To understand our dilemma, you have to examine the nature and modus operandi of Belize’s dominant political parties – the UDP and the PUP. These are the largest, best organized, and best financed groups of people in the country who have no laws to govern them. Even the Mafia is sometimes tripped up by laws. In Belize, no politician has ever gone to jail. They have been, effectively, above the law.
         
Each of the major political parties has two treasuries. One is the official party treasury, which is always broke, and the other is the unofficial and real party treasury, into which the funny money is deposited. Apart from the drug and offshore money, that funny money includes campaign donations which can be considered outright bribes. By that we mean that the party official who accepts such donations, makes firm promises to the donor with respect to the gifts which the donor will receive once the party comes to power. Very few people in the party will know about these bribes and promises. That is why that money is also funny.
         
At the highest levels of the PUDP, the money flows freely, and that is why officials in the two parties are always fighting to gain higher posts. At the base of the pyramid, the money is small, and moves slowly. That is the official party treasury. At the apex of the pyramid, where the big boys keep “balls in the air,” the money is plentiful. It is funny money. That is the real treasury.
         
In the first twenty years of party politics in Belize, there was little funny money in our political campaigns. Things began to change in the 1970’s, when the UDP started to take money from questionable business sources in the United States. We are not George Price fans at this newspaper, because he passes himself off as a saint, and we know for sure that he is not. But up until 1979, Mr. Price’s PUP was not owned by the funny money. That, of course, changed in the following decade.
         
Check out this game which the lawyer/politicians play in Belize. When the PUP is in power, the ranking drug traffickers in Belize are defended by the highest ranking politicians in the UDP. When the UDP is in power, the ranking drug traffickers are defended by the highest ranking politicians in the PUP. Do you really believe the relationship of affinity between politician/attorney and drug trafficking/client ceases absolutely once the case is finished? These cases have been the “thin edge of the wedge” where the penetration of drug money into Belizean politics is concerned.
         
The funny money donors represent a link, a common denominator, between the UDP and the PUP leaderships. Funny money donors are giving money to both leaderships, and they all, funny money donors and political leaders, casually drink Blue Label together on the social occasions/holidays which abound in little Belize. By now the camaraderie amongst all and sundry at the top has reached the point where it’s like one big, happy family – funny money donors and PUDP. It’s a real lovefest.
         
So then, every now and then one of these political leaders in power gets greedy. You know how it is.
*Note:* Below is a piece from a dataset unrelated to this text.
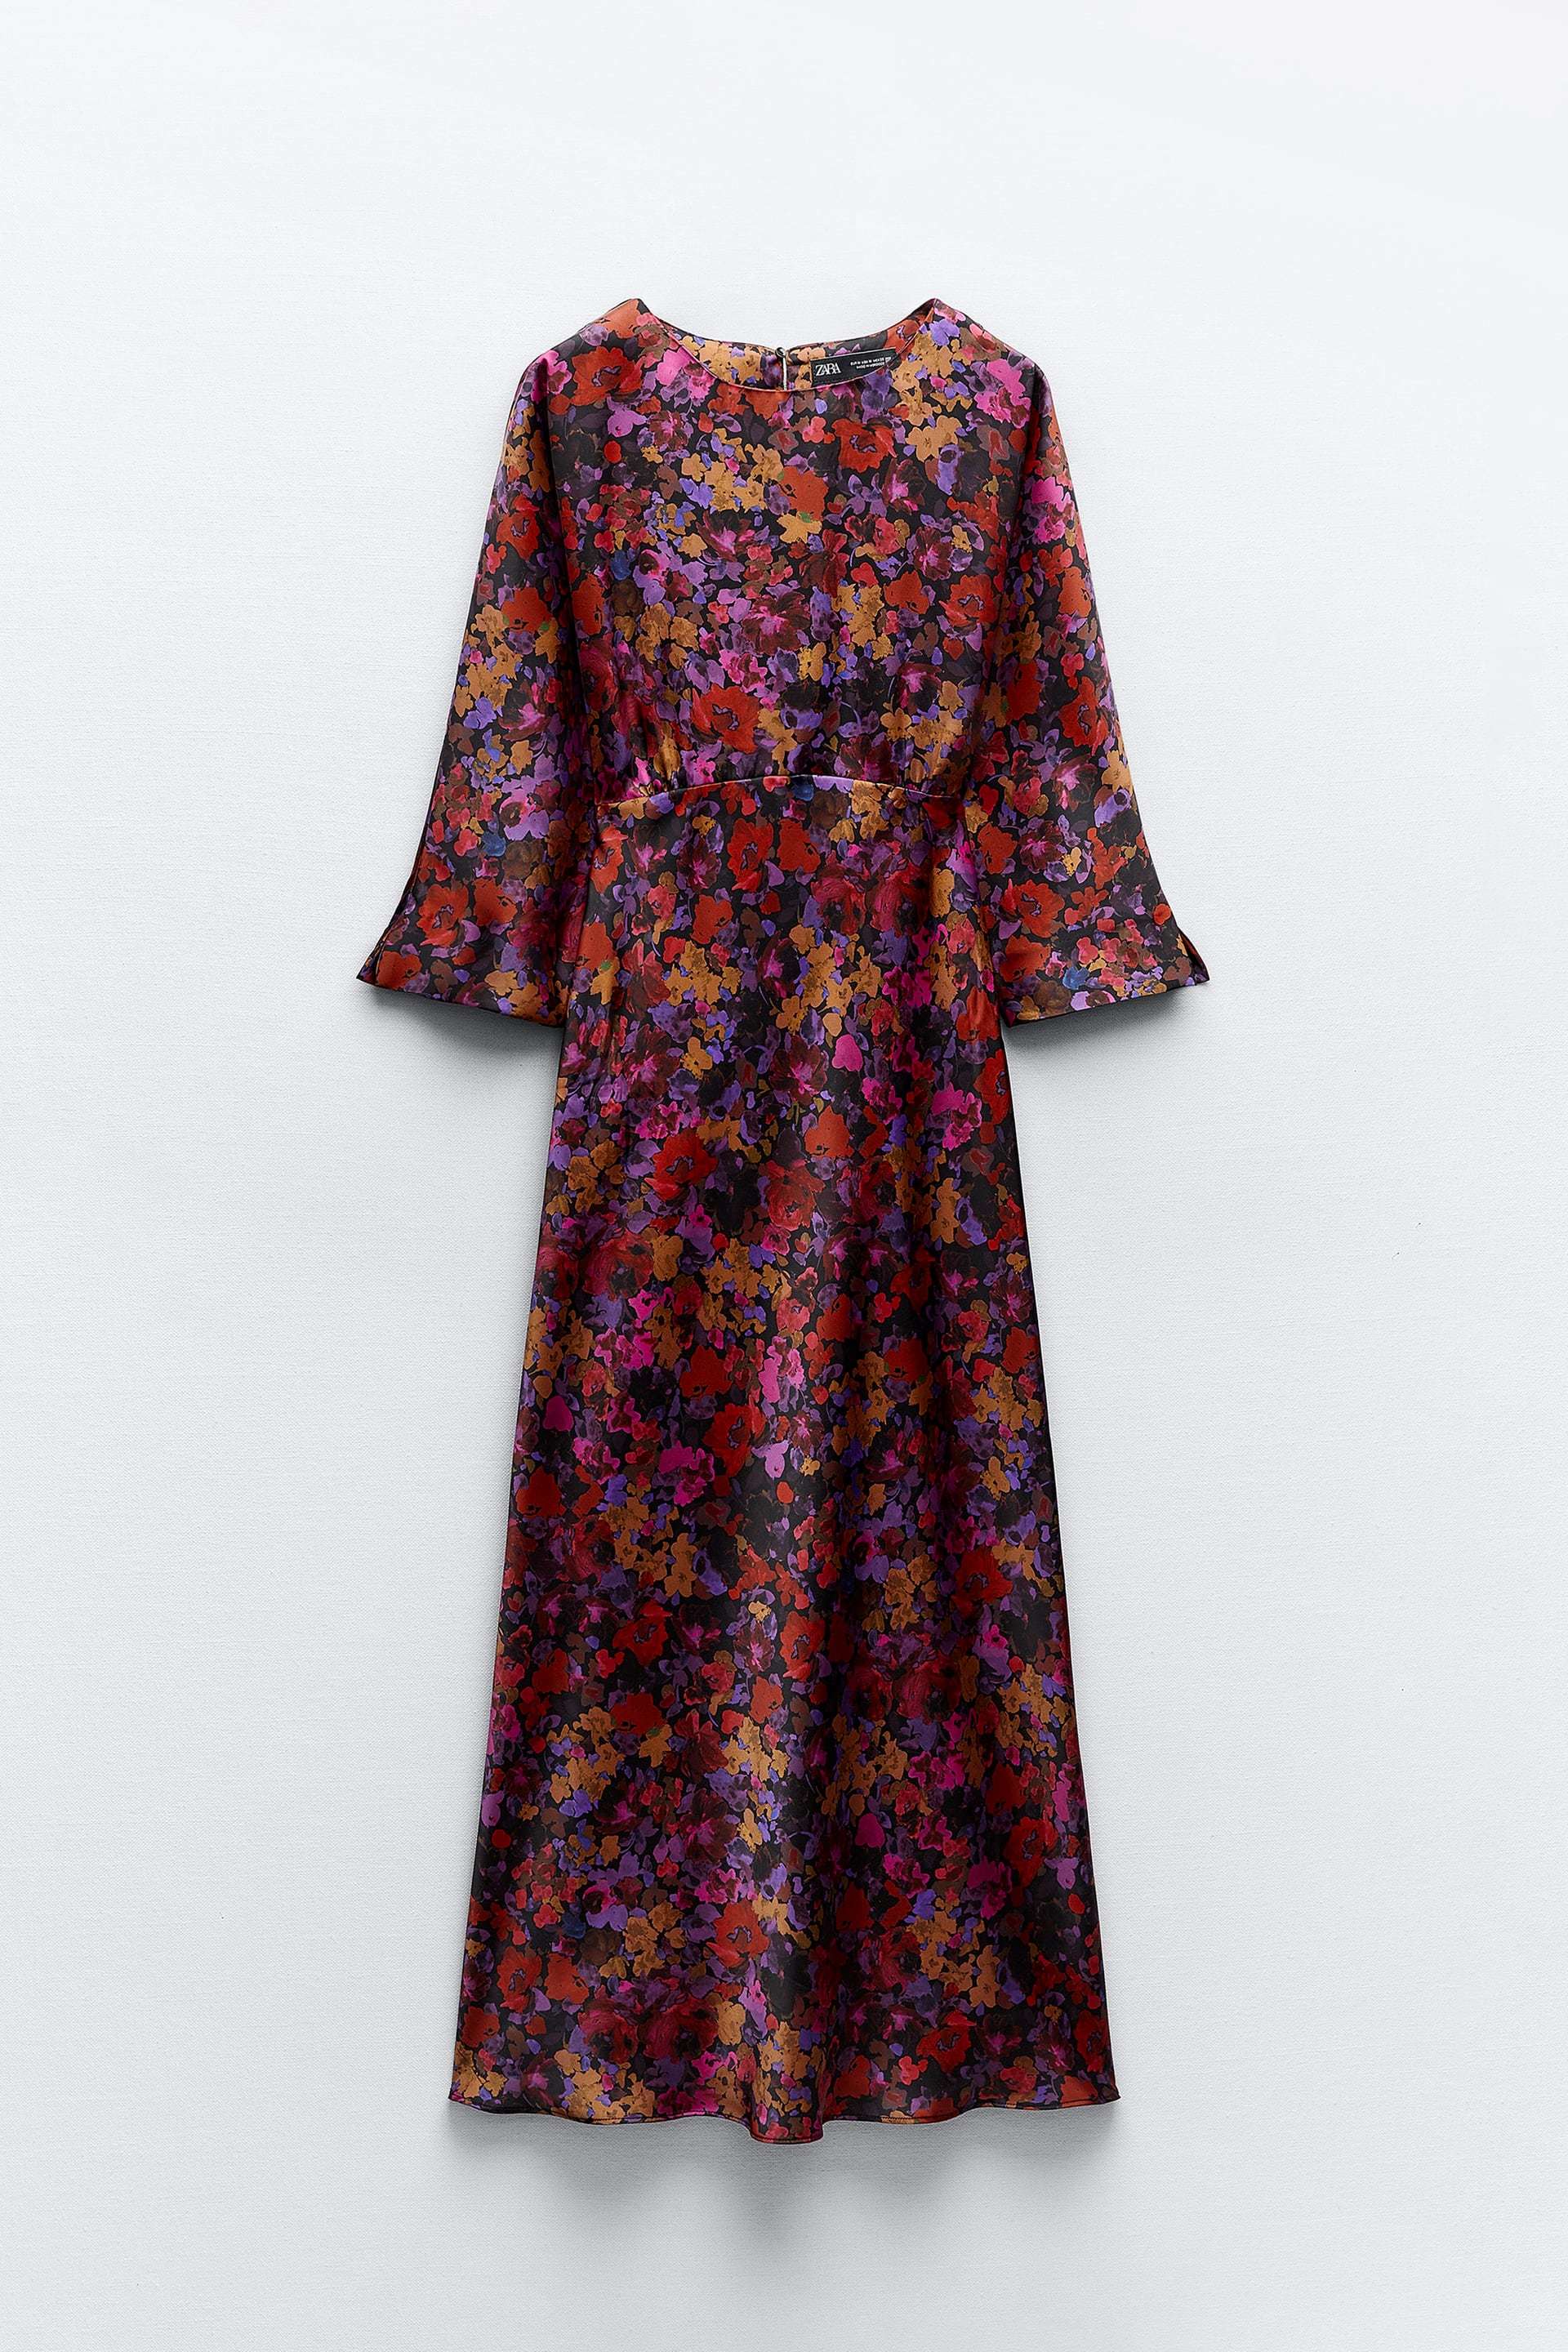 Vestido satinado de flores de Zara (39,95 euros).

They have plenty, but they can’t have enough. (The saint always gives his blessing.) The political leader’s party is in power, and he gives orders in the party, so the political party itself, which forms the government, can’t do anything to or about him. In fact, in most cases the party readily acquiesces in the skullduggery, because the party treasuries, both official and unofficial, get some of the action, if you understand what we mean.
         
Now, a real problem should arise when we, the people at the base of the national pyramid, become angry enough to change the party in power. After the government is changed, the people clamor for the new leaders to investigate and indict the former leaders. The first thing you will hear from the new leaders is that they don’t want to go on any “witch hunt.” After that, they will say they are busy with the business of government. And if the pressure from the people remains too serious, the high priced attorneys swing into action – submissions, injunctions, appeals, etc. If nothing else works, there is always corruption. Funny money is usually enough to pay off officials high and low in the legal machinery. In fact, funny money is more than enough. Funny money rules.
         
After the charade, we, the people, moan and groan and cry and whimper. Our money is gone, and those who were in charge of it cannot be blamed or punished. 175 years after emancipation, 45 years after self-government, and 28 years after independence, we still work to create wealth for other people to enjoy. And above all the honorables and right honorables around us, across the Caribbean Sea and the Atlantic Ocean, “Her Majesty the Queen, her heirs and successors …”
         
Thus endeth today’s lesson.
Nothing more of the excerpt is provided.